今回は初日の22日が初めての参加者向けプログラム、23日からの3日間はPlenaryやConferenceプログラム等技術動向を中心としたセッション、5日目はポリシーSIGでのアドレスポリシー策定についての議論、そして6日目はAPNIC総会という構成です。
トレーニングは7日目の28日(土)に集中、チュートリアルは主なセッションの間に挟んでの開催として、メインプログラムの流れを大きく変えることはなく、チュートリアルに参加したい人は参加できるようなつくりになっていたように思います。
- Program Archive
- http://www.apnic.net/meetings/27/program/
APRICOTと併催ということもあって、APRICOTも含めた参加者は40の経済圏から473名、APNIC総会への参加者114名だったと報告されています。
そして、カンファレンス全体のテーマとしてはやはり「IPv6への移行」と「IPv4アドレス在庫枯渇への対応」があげられます。

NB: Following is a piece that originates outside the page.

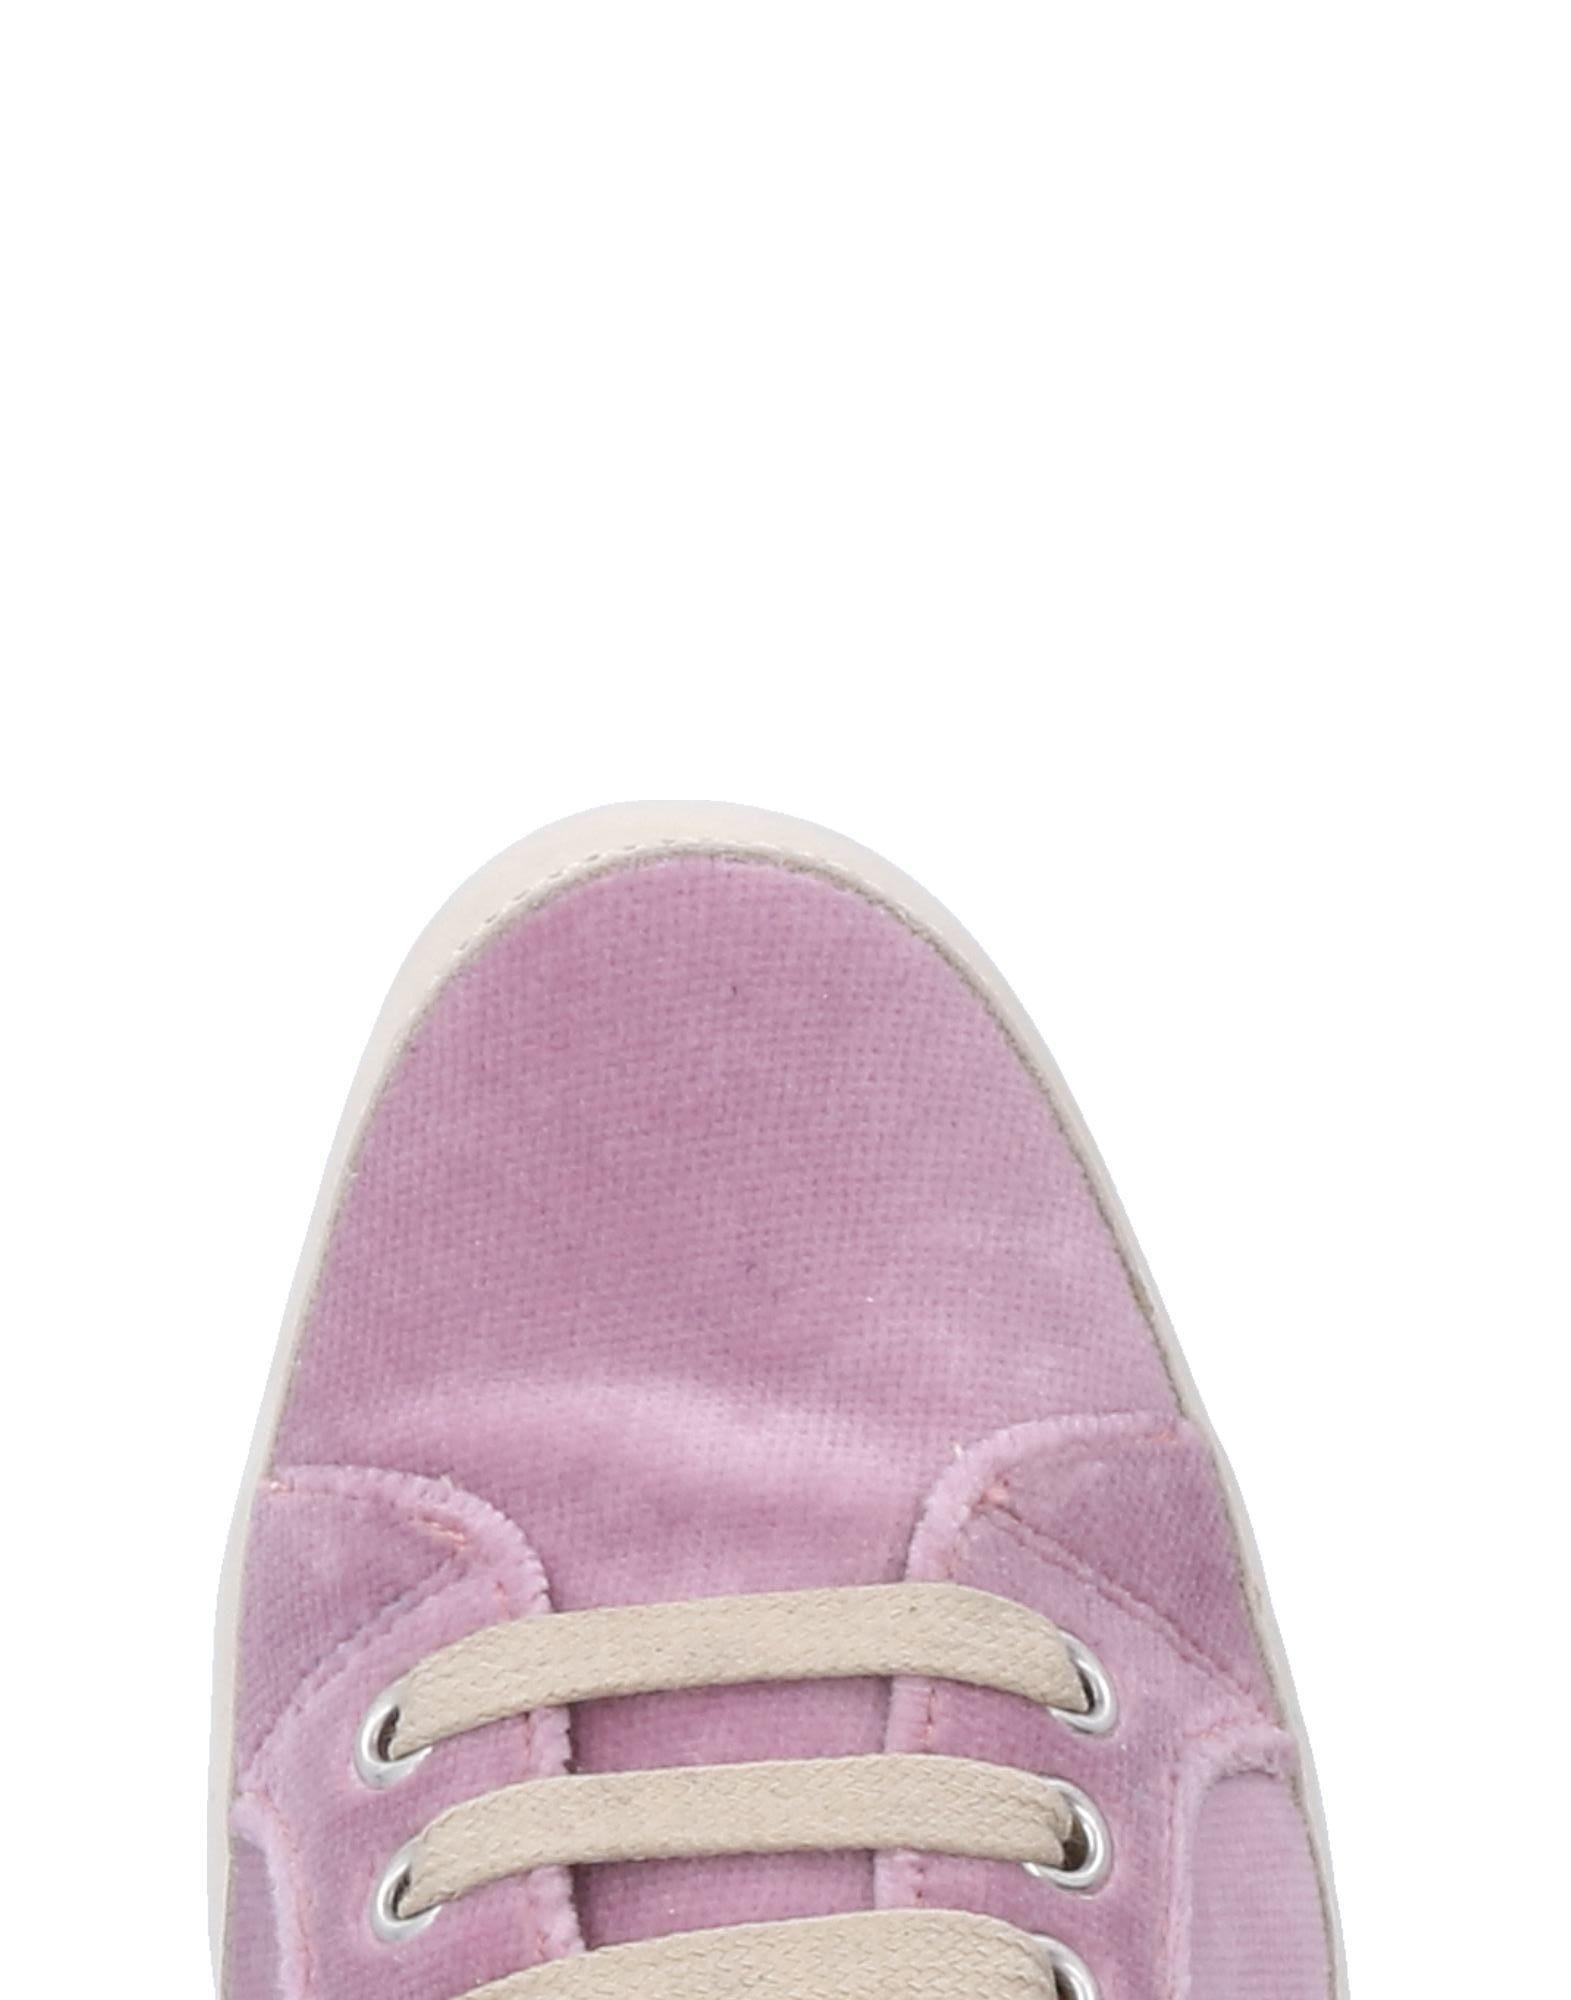 Emma Hope Sneakers aussehende Damen  11499387PEGut aussehende Sneakers strapazierfähige Schuhe 1f68b1

PlenaryやConferenceセッションでの発表もIPv6の運用状況や、IPv4在庫枯渇後におけるIPv4サービスの維持およびIPv6との共存に関するものが目立ちました。アドレスポリシーの策定について議論を行うポリシーSIGでは、国内でも議論を重ねてきた「IPv4アドレス移転」に関する議論に、26日(木)ほとんどの時間を費やしました。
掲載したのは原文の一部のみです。